Schwarzschild at the Fourth Conference International Union for Cooperation in Solar Research at Mount Wilson Observatory, 1910

From 1912, Schwarzschild was a member of the Prussian Academy of Sciences.

===Work on general relativity and death===
At the outbreak of World War I in 1914, Schwarzschild volunteered for service in the German army despite being over 40 years old. He served on both the western and eastern fronts, specifically helping with ballistic calculations and rising to the rank of second lieutenant in the artillery. While serving on the front in Russia in 1915, he began to suffer from pemphigus, a rare and painful autoimmune skin-disease. In March 1916, Schwarzschild left military service because of his illness and returned to Göttingen.

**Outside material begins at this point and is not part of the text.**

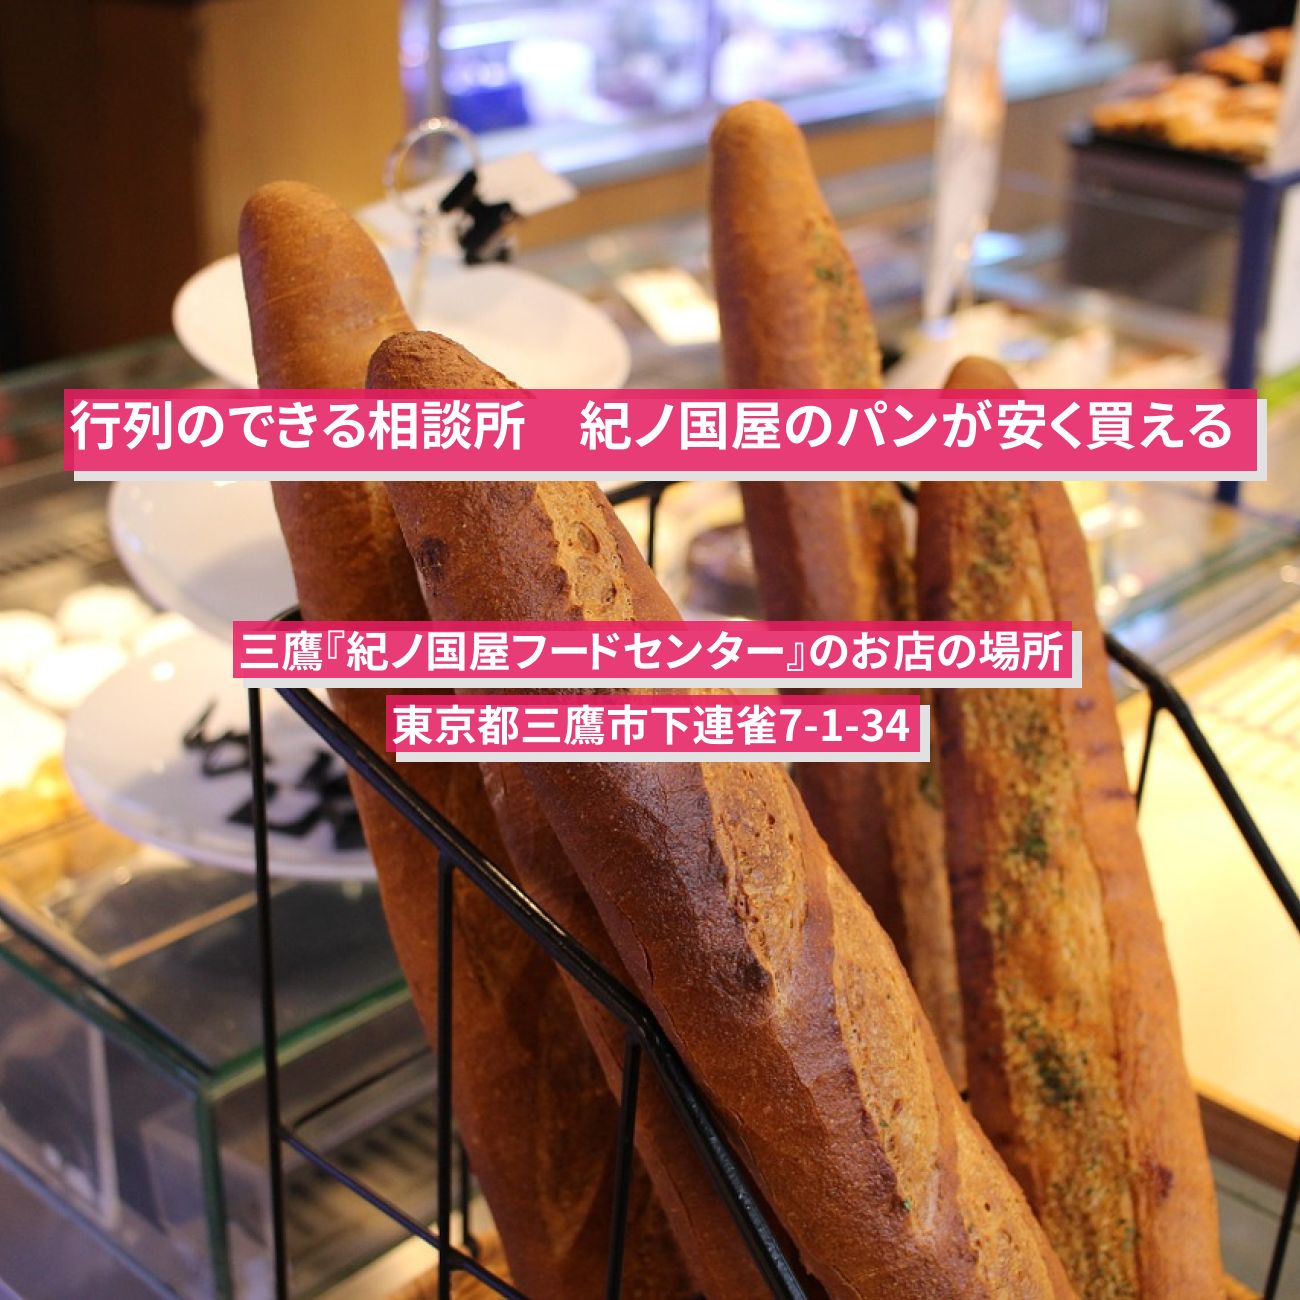 【行列のできる相談所】紀ノ国屋のパンが安く買える『紀ノ国屋フードセンター』三鷹のお店の場所
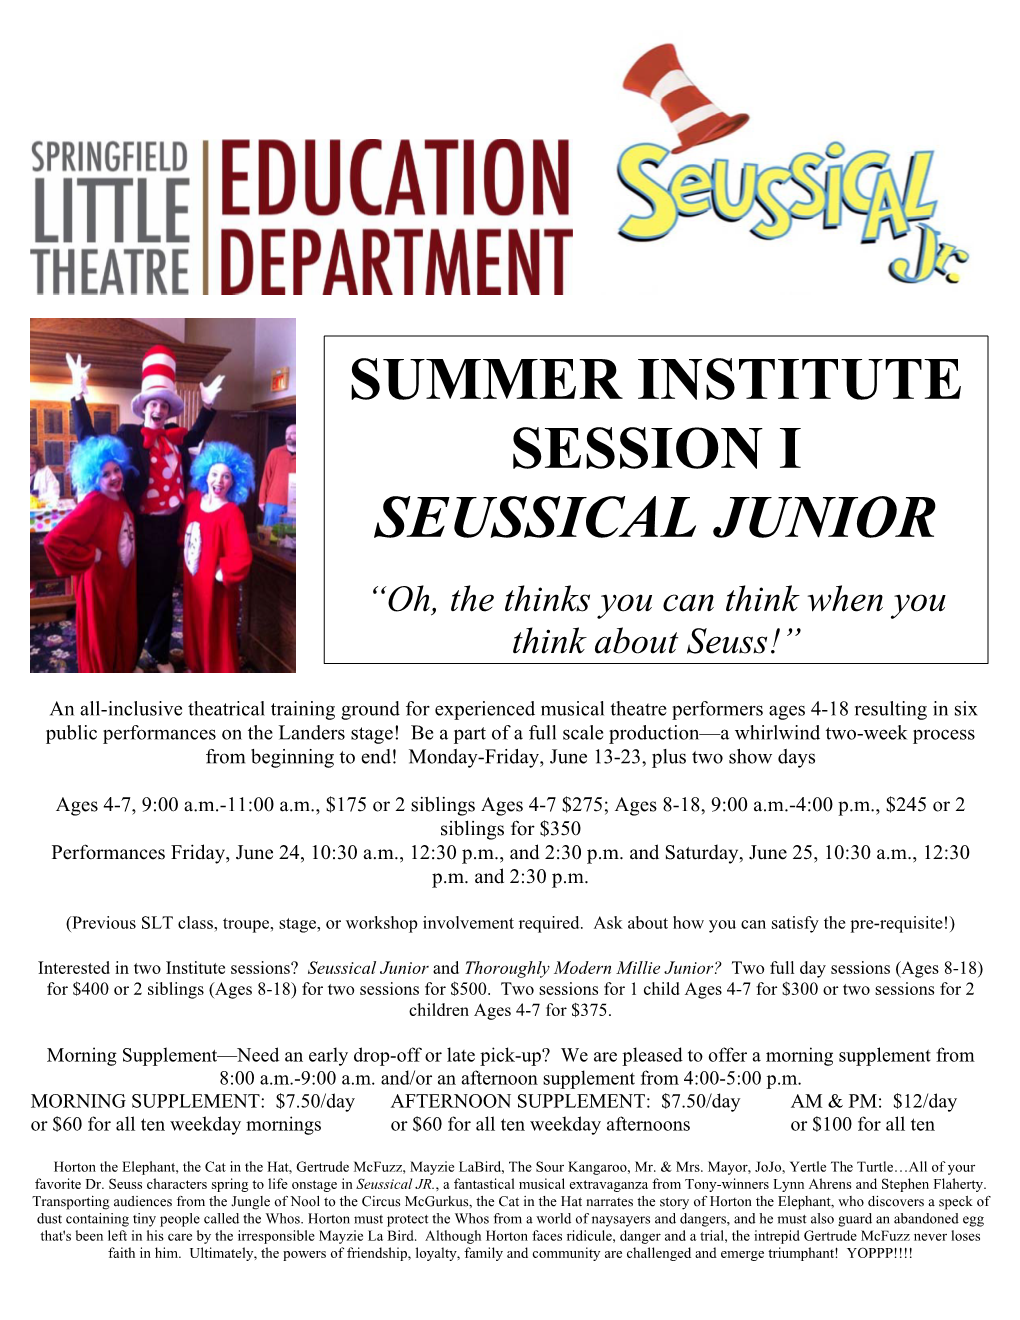 Summer Institute Session I Seussical Junior

Nevertheless, he managed to write three important papers, two on the theory of relativity and one on quantum theory. His papers on relativity produced the first exact solutions to the Einstein field equations, and a minor modification of these results gives the well-known solution that now bears his name — the Schwarzschild metric. He also identified the Schwarzschild radius, at which a star will form what is now known as a black hole, though he wrongly believed this finding to be a mathematical curiosity that had no practical relevance. Twenty-three years after Schwarzschild's death, J. Robert Oppenheimer and Hartland Snyder correctly predicted the existence of black holes in their Oppenheimer–Snyder model, though they did not draw directly on Schwarzschild's work.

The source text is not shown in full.